| Task instructions |
Your task is to copy the listing exactly. Drop any pictures from the copy.

| Given information |
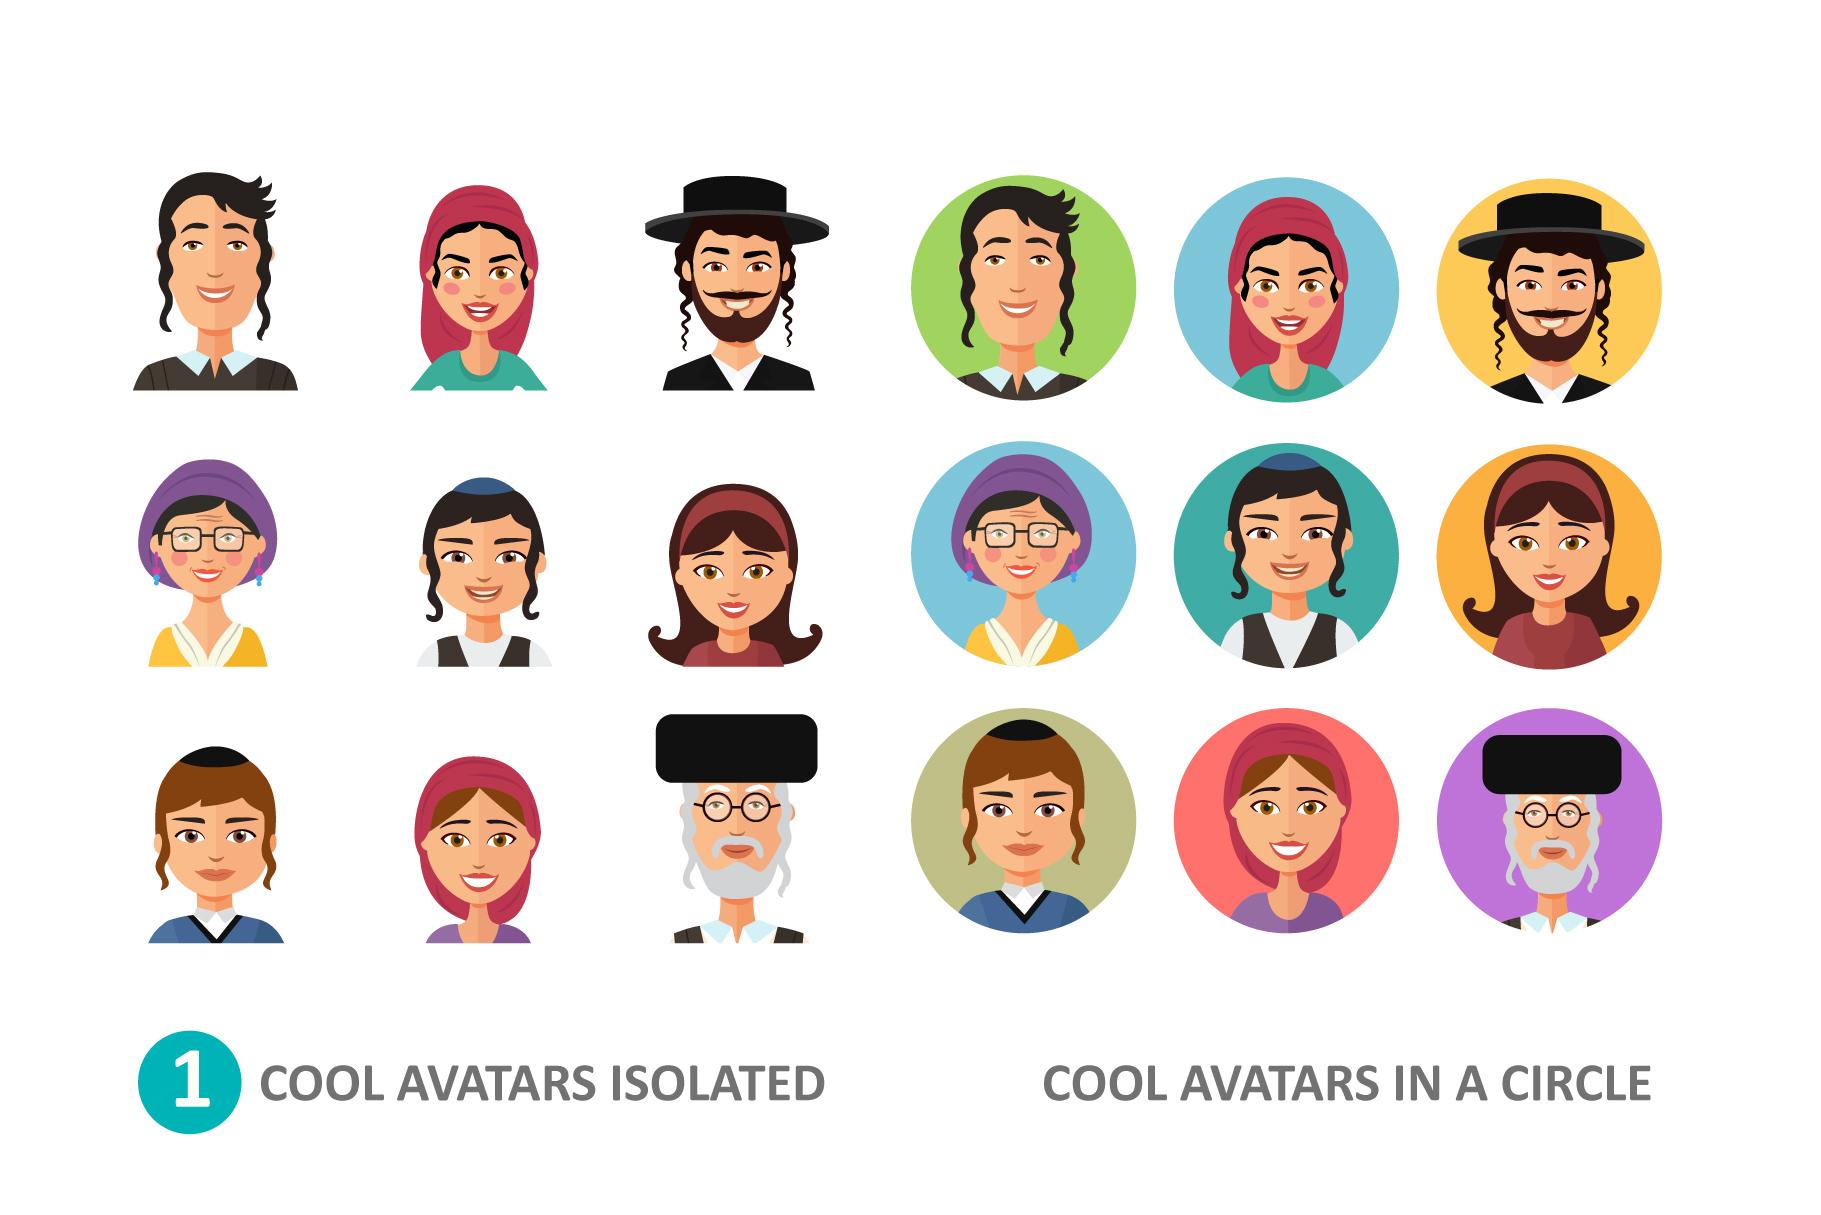 Jewish avatars family cartoon flat example image 2
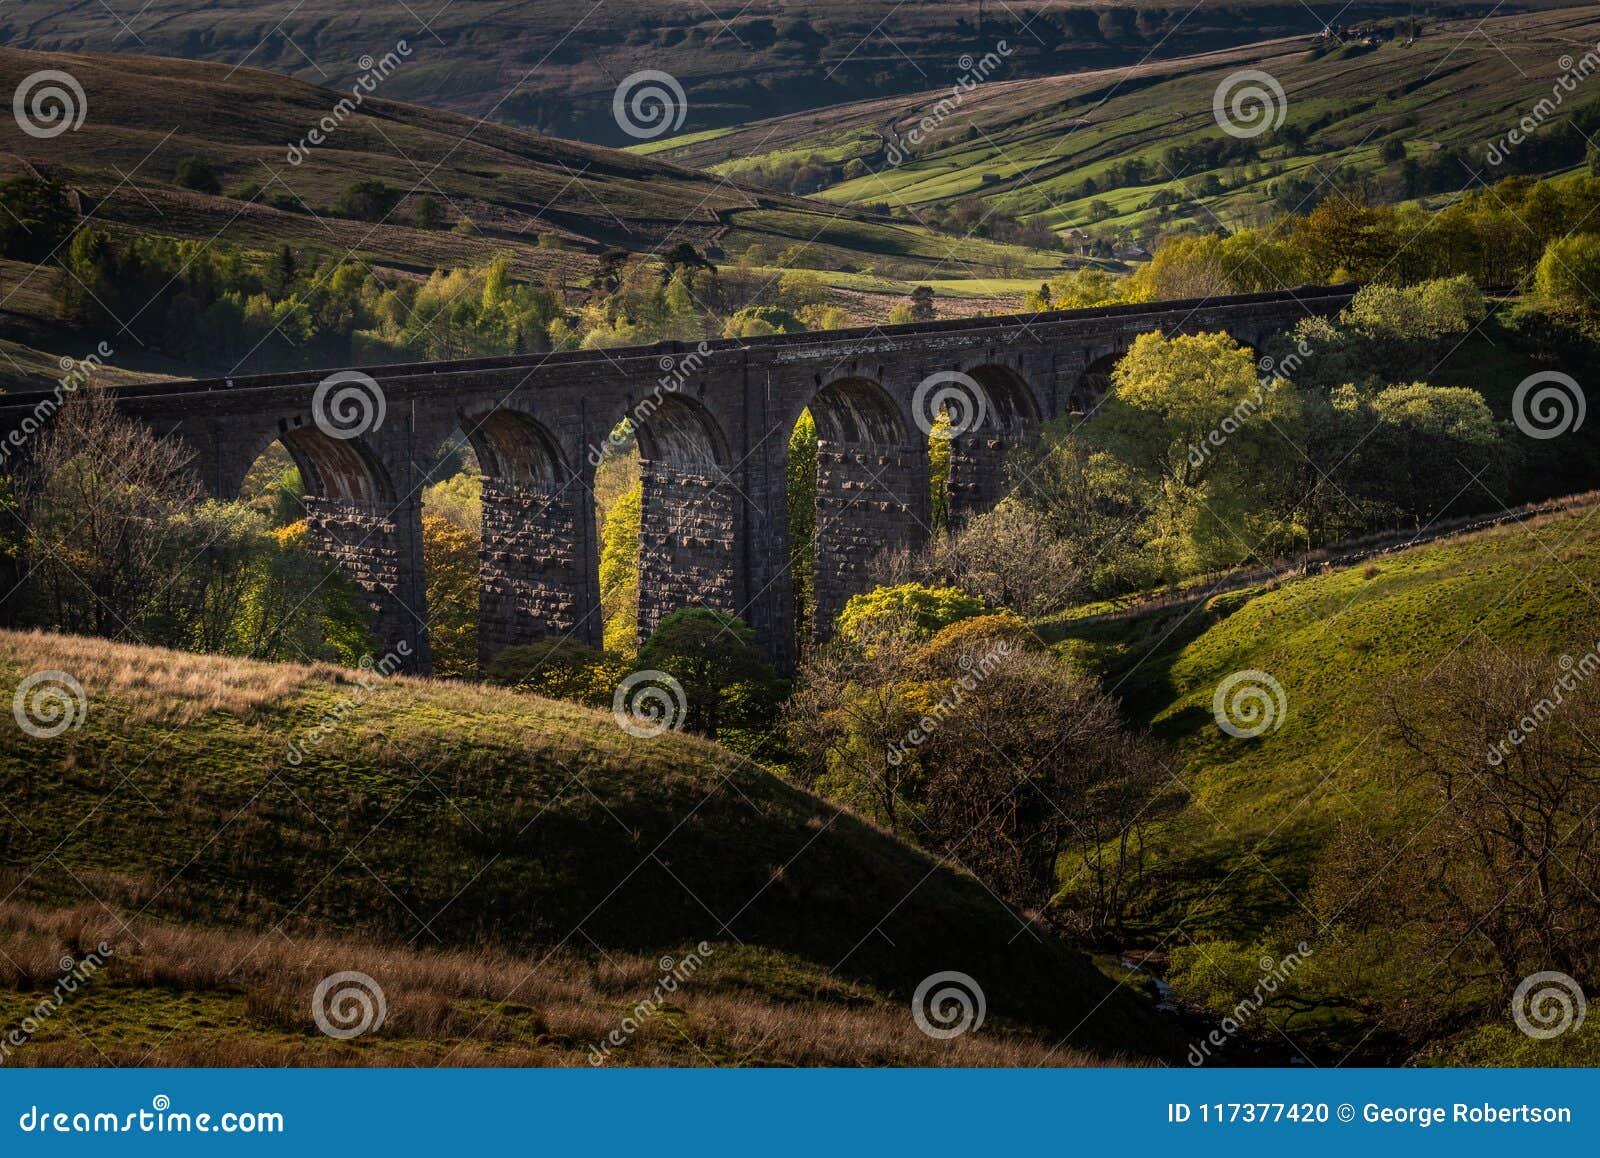 Regard vers le bas au-dessus du viaduc de chemin de fer de tête de bosselure
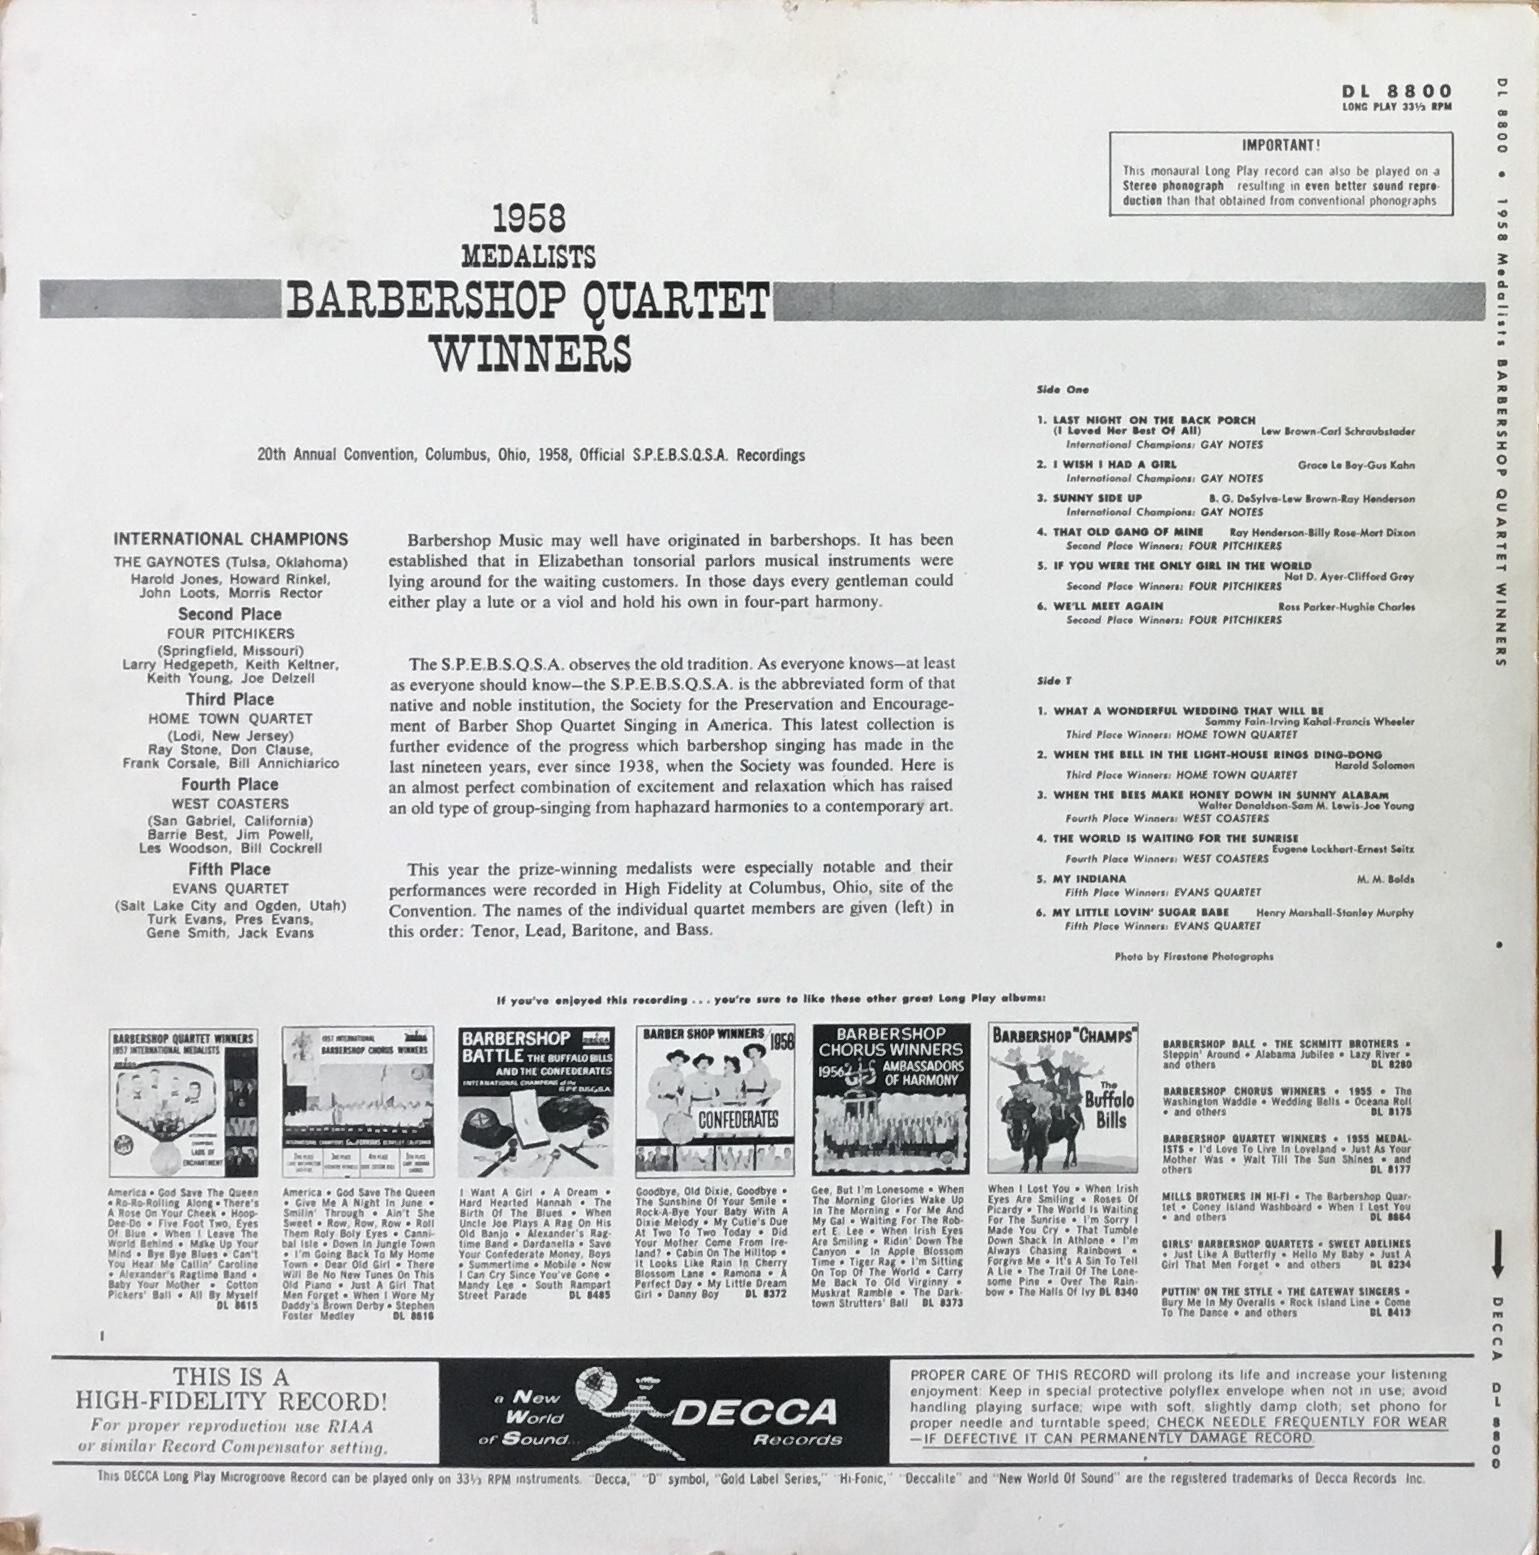 BarbershopQuartet1958Back

| Result for this exercise |
 Jewish avatars family cartoon flat example image 2
 Regard vers le bas au-dessus du viaduc de chemin de fer de tête de bosselure
 BarbershopQuartet1958Back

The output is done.